Ministers from Opec and non-Opec countries have discussed extending cuts on production for another six months beyond June, in an effort to keep oil prices from falling further.
In December, the Opec and non-Opec producers agreed to cut oil output by 1.8 million barrels per day for six months to cut swelling inventories and balance the supply demand equation, a move that resulted in a price recovery.
Prices of Brent crude only a few weeks ago were threatening to break $60, but began to fall following reports last week of a growing surplus, due largely to surge in American shale oil. The renewed call to keep a cap on production comes as Brent crude prices approach the keenly-watched $50 per barrel mark.
The Joint OPEC/Non-OPEC Ministerial Monitoring Committee (JMMC), who were meeting in Kuwait, said in a statement that “Certain factors, such as low seasonal demand, refinery maintenance, and rising non-OPEC supply, have slowed down the positive impact of the production adjustments on inventory drawdowns,” the statement said.
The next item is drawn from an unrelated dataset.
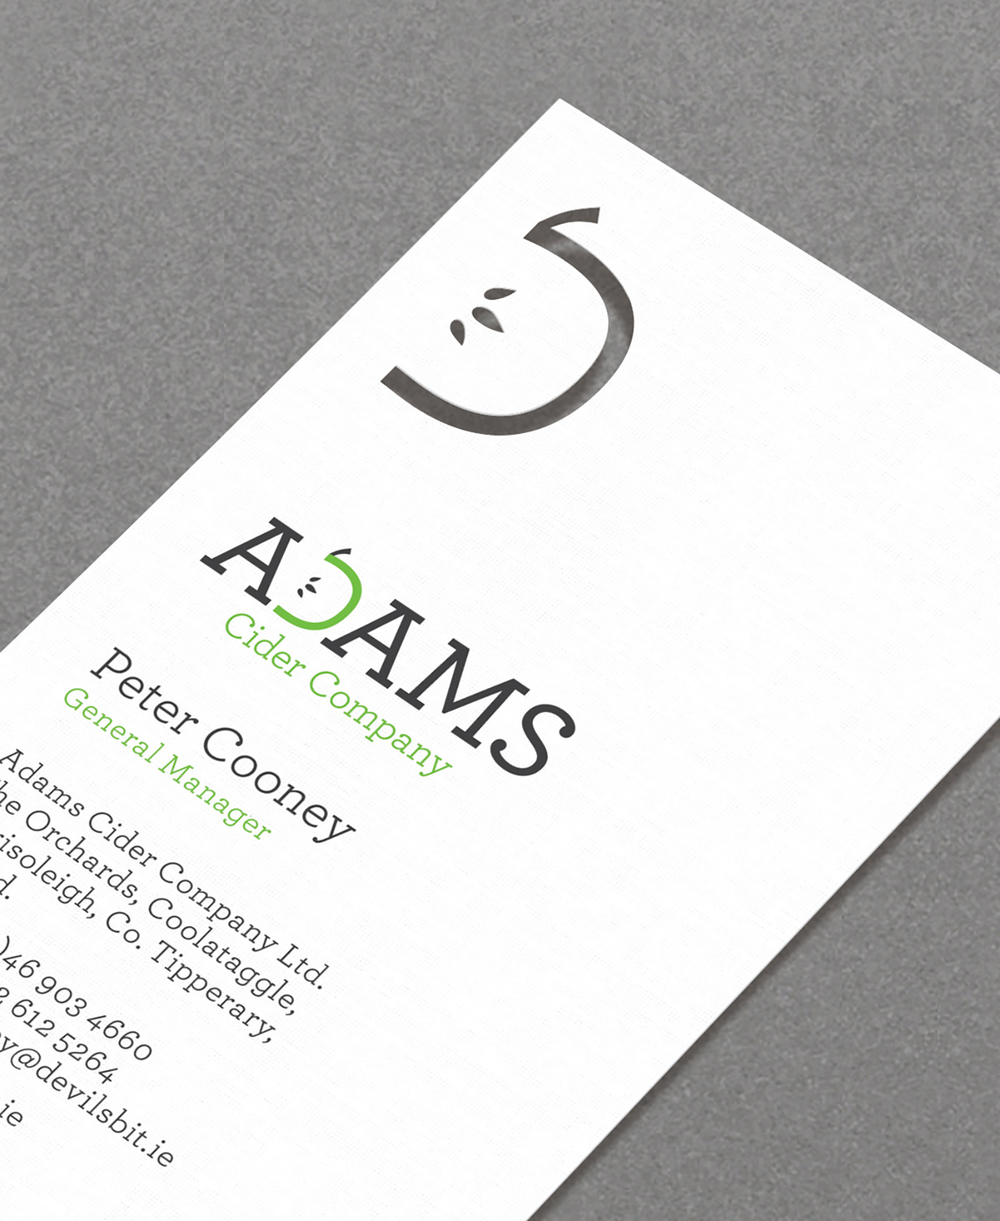 Adams+2.jpg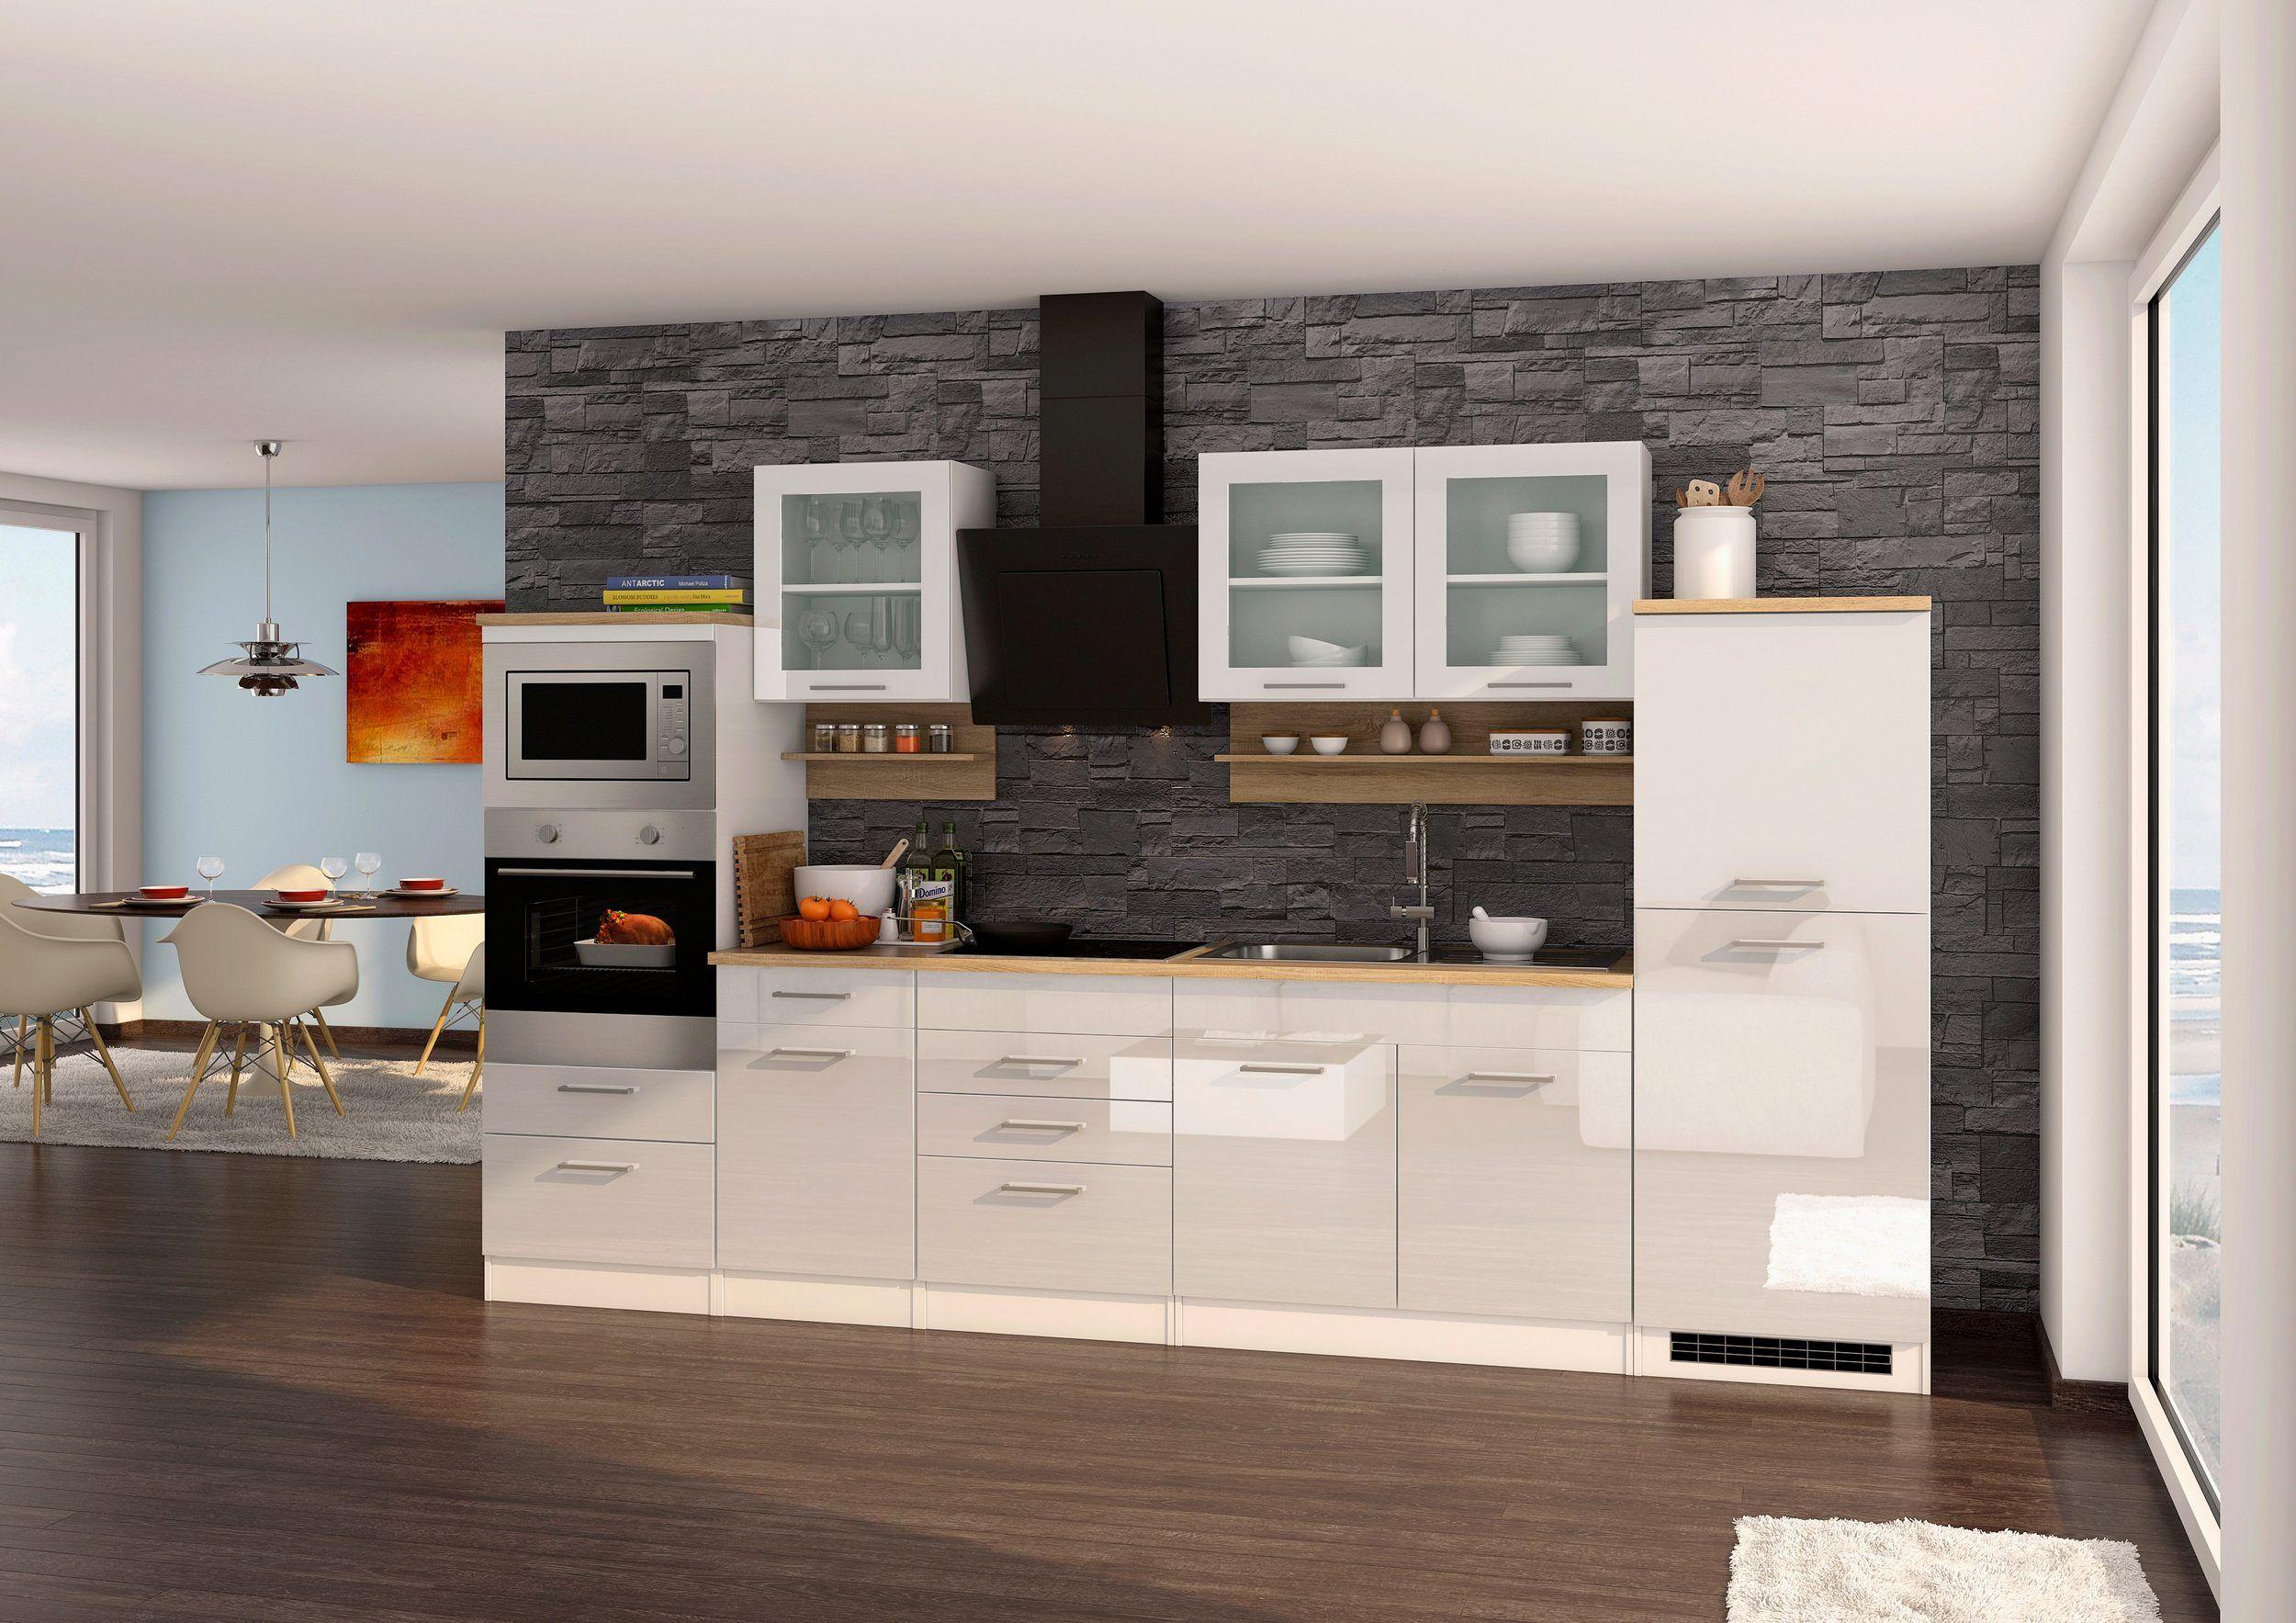 Held M 214 Bel Held Kitchen Cabinets Komnit Design Kitchen Kitchen Cabinets Cabinet

The statement further said that group would “... review the oil market conditions and revert to the monitoring committee in April 2017 regarding the extension of the voluntary production adjustments... in order to ensure market stability.”
Analysts said the oil producers have no other choice than talk about cutting more output.
“This was frankly the only option Opec had on the table. With Brent crude trading close to and in danger of breaking below $50 verbal intervention was once again required,” said Ole Hansen, head of commodity strategy at Saxo Bank.